Jordan Brewer, left, visits Mohamed Moggali on a Saturday at his home. Rory Doyle

Three students from Yemen.

Those were the only members of the approximately 380-member student body who didn’t speak English at W. A. Higgins Middle School last year. Until recently, in the legendary birth-of-the-blues town of Clarksdale, Mississippi, English language learner classes have not been in noticeable demand.

Then last year, one of those young Arabic-speaking students from Yemen, a girl in seventh grade, caught the attention of special education teacher Jordan Brewer (Greater Delta ’16). Brewer was an inclusion teacher. When he would join the young girl’s class, he could see that she was reliant on an iPad translation app to understand what was happening and to get around school.

One day the student approached him. She saw him helping other kids, so would he help her? Brewer did try to help when he could, especially with her English work. But he had to let her down gently; she didn’t understand that this was not how his inclusion assignment worked. He did start to think, however, if this is one student’s problem, how many others need help? And if this isn’t addressed, how is that educational equity?

Although his school had no position for a teacher of English language learners, Brewer sought the necessary certification to instruct the small English language learner student population of three that he knew of. He took the ESL Praxis exam. “I figured, if I get certified, then show up and say I’m ready to go, they’d be more willing to accept me,” Brewer said. And he was right. In February, the school’s principal agreed to allow Brewer to take the students out of class twice a week for 50 minutes of one-on-one work.

Every day, Brewer would trek from one side of campus to the other to find one of those students, and then together they would head back to Brewer’s office, with each long walk becoming a lesson.

“What are those white things in the sky?” Brewer would ask a student, as they crossed an outdoor corridor.

“Clouds.”

“Good, now say that in a complete sentence.”

That was last school year. This year, thanks in part to his advocacy, Brewer is filling the newly-created role of Clarksdale Municipal School District English Learner Coordinator. There are now an estimated 10 students who have moved from Yemen to Clarksdale, Brewer said. There’s also around 10 primarily Spanish-speaking students in the district. “You just don’t know what gaps you’re going to see until you start doing the work,” Brewer said.

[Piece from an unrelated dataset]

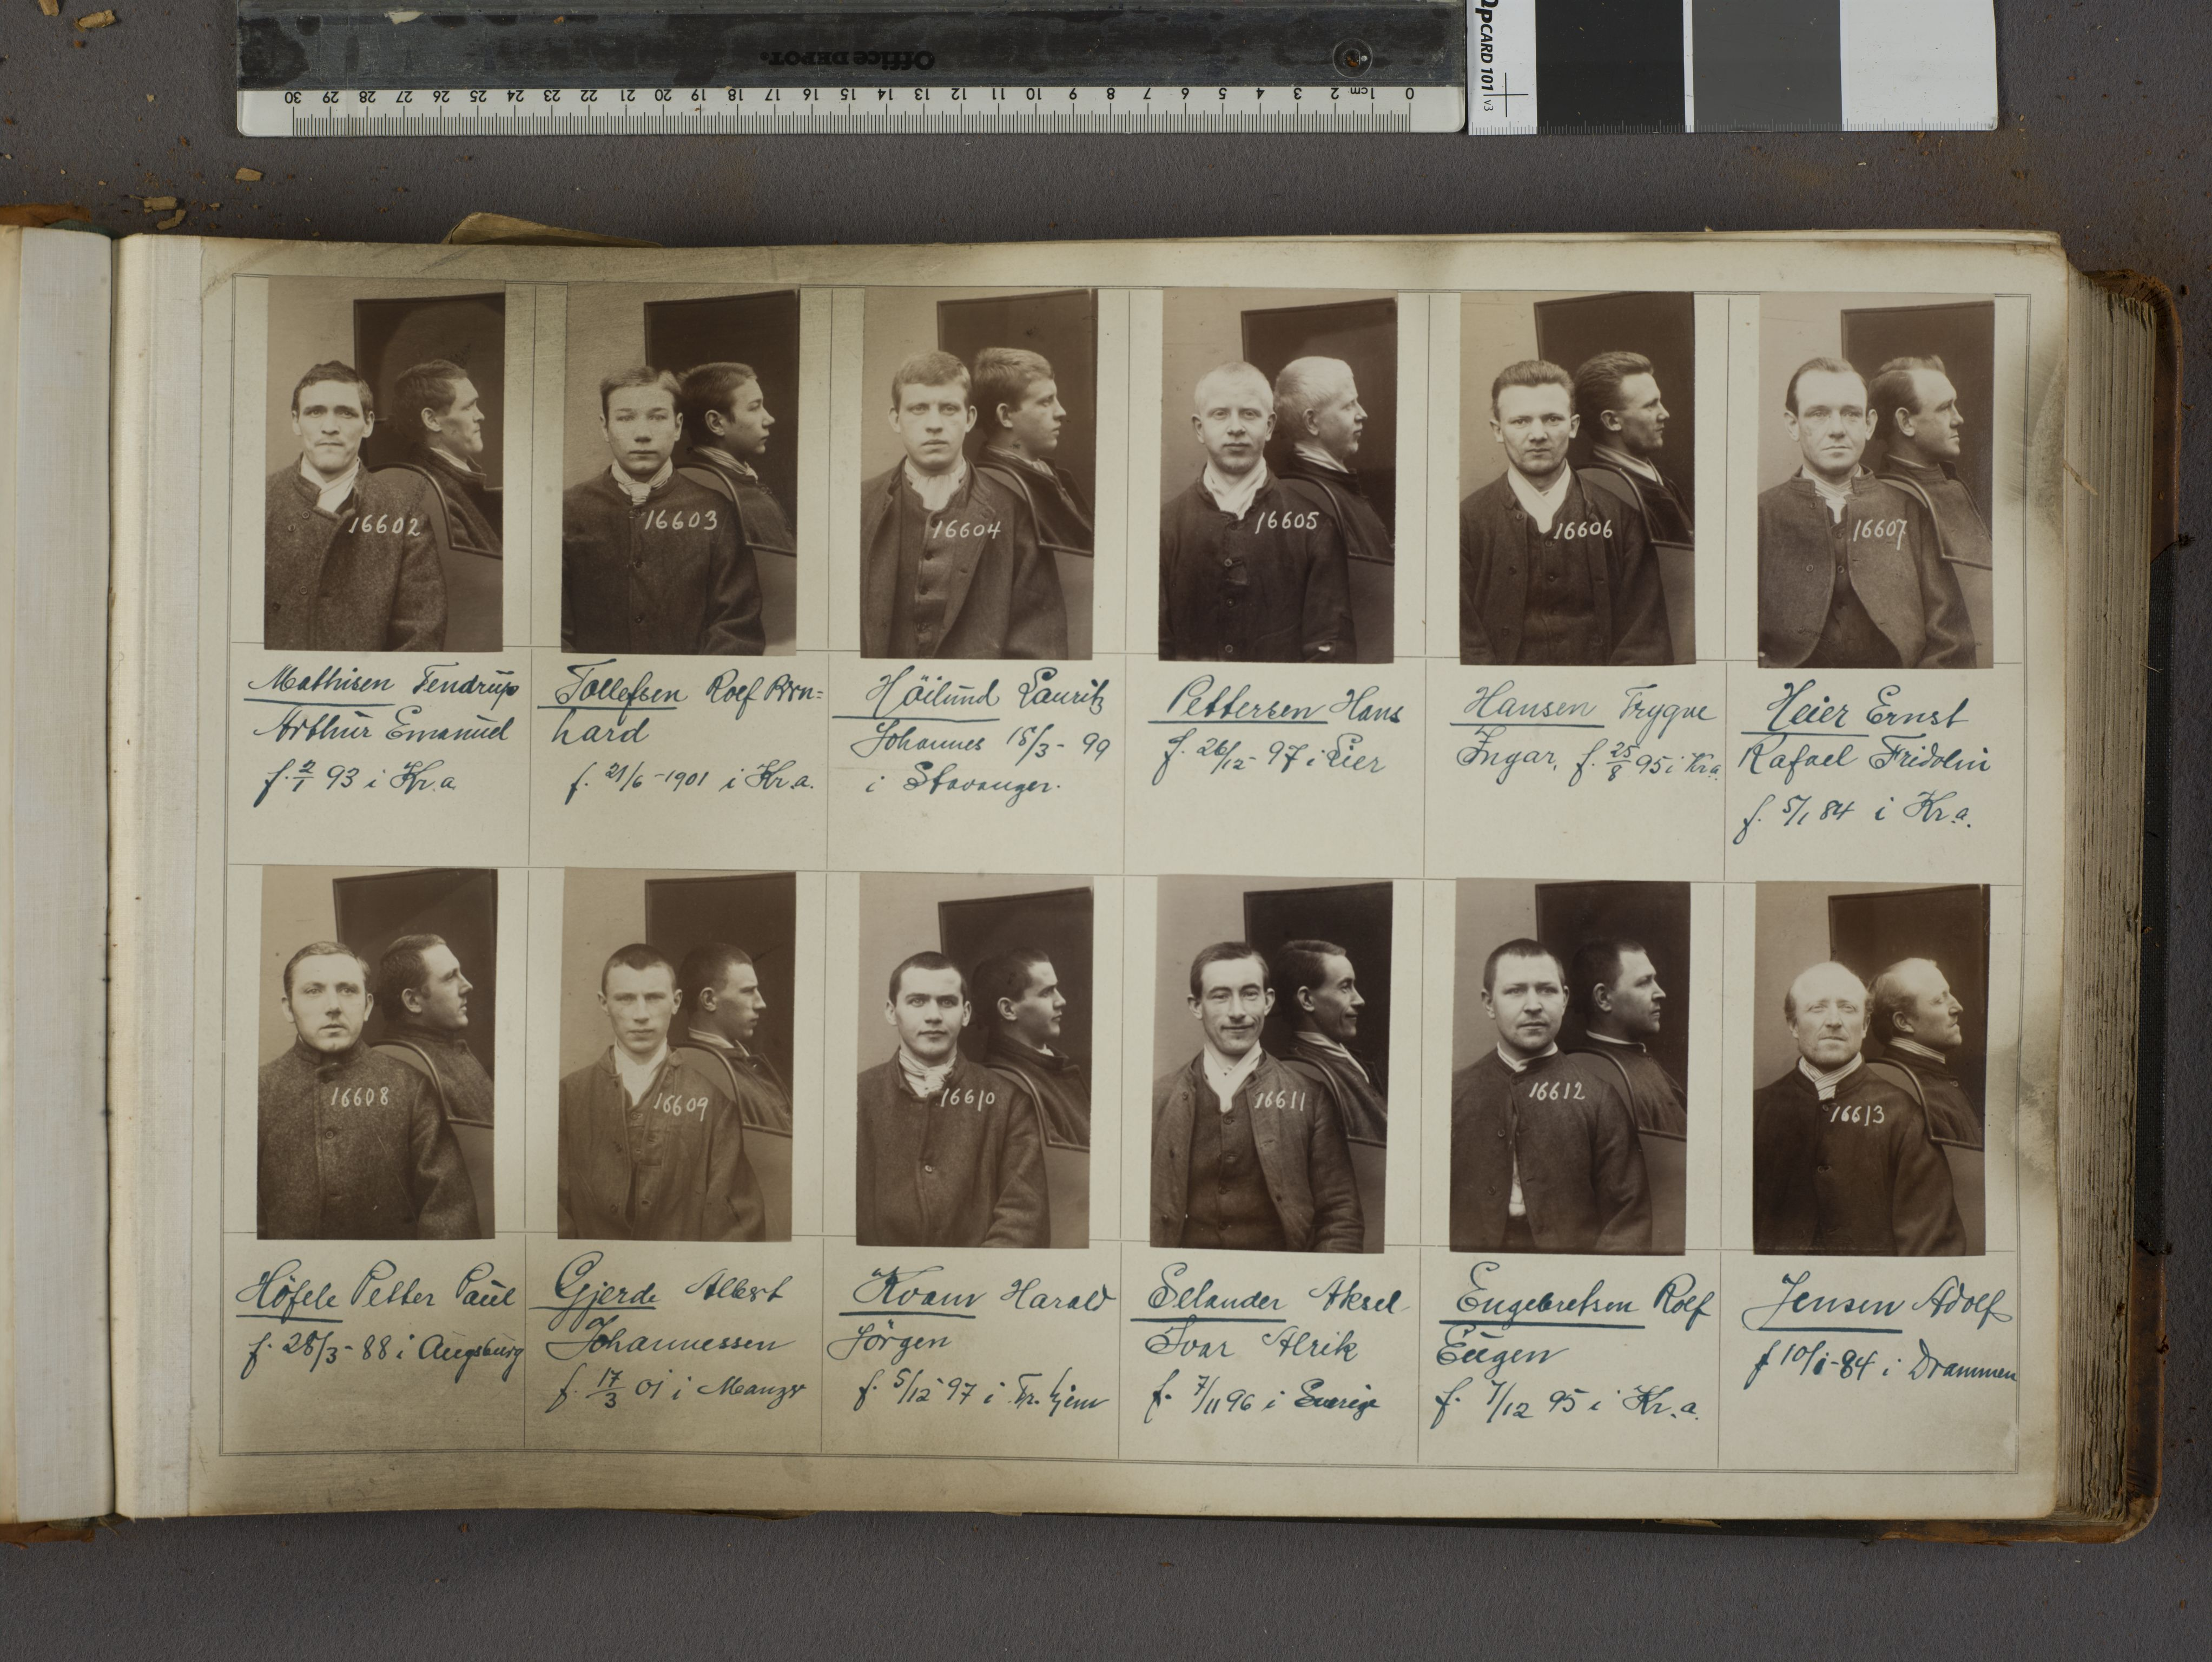 RA, Oslo politikammer, Kriminalavdelingen, U/Ua/L0019: Forbryteralbum, 1920-1921, s. 1

So that he can be his high school’s football kicker this year, Mohamed Moggali (far left) takes time off from helping his 18-year-old brother, Ahmed, and his father, Hezam, (center) run their family business, a Tiger Mart. His brother Fares (right) is 10. Rory Doyle

But Brewer does not assume that because students are immigrants, they necessarily lack English proficiency, especially students who immigrated when very young. About half of all immigrants ages 5 and older are English proficient, according to Pew Research surveys.

Brewer now spends about half his time working to ensure that the district’s eight schools are following federal regulations, with at least one English language instructor on staff, and with students getting 50 minutes a day of direct English instruction through individualized learning plans.

“I have been surprised by how much legal paperwork and documentation I have had to do for this job,” he said. “I’m making sure that I am creating systems around all of it so that when the next person comes in,” he or she can “get right to teaching.”

Brewer still also works with those first three students from Yemen. Mohamed Moggali, now in ninth grade, is improving his verbal skills by talking to customers at his family’s convenience store. Brewer, meanwhile, is watching Mohamed and his 10-year-old brother, Fares, grow fluent enough in English to begin making friends. Brewer did not expect still to be teaching this year, with his two-year corps commitment behind him. Something–actually a group of someones–convinced him to defer studying public policy at the University of Chicago.

He says, “These students are amazing people who, with just a little bit of services, can spring to success.”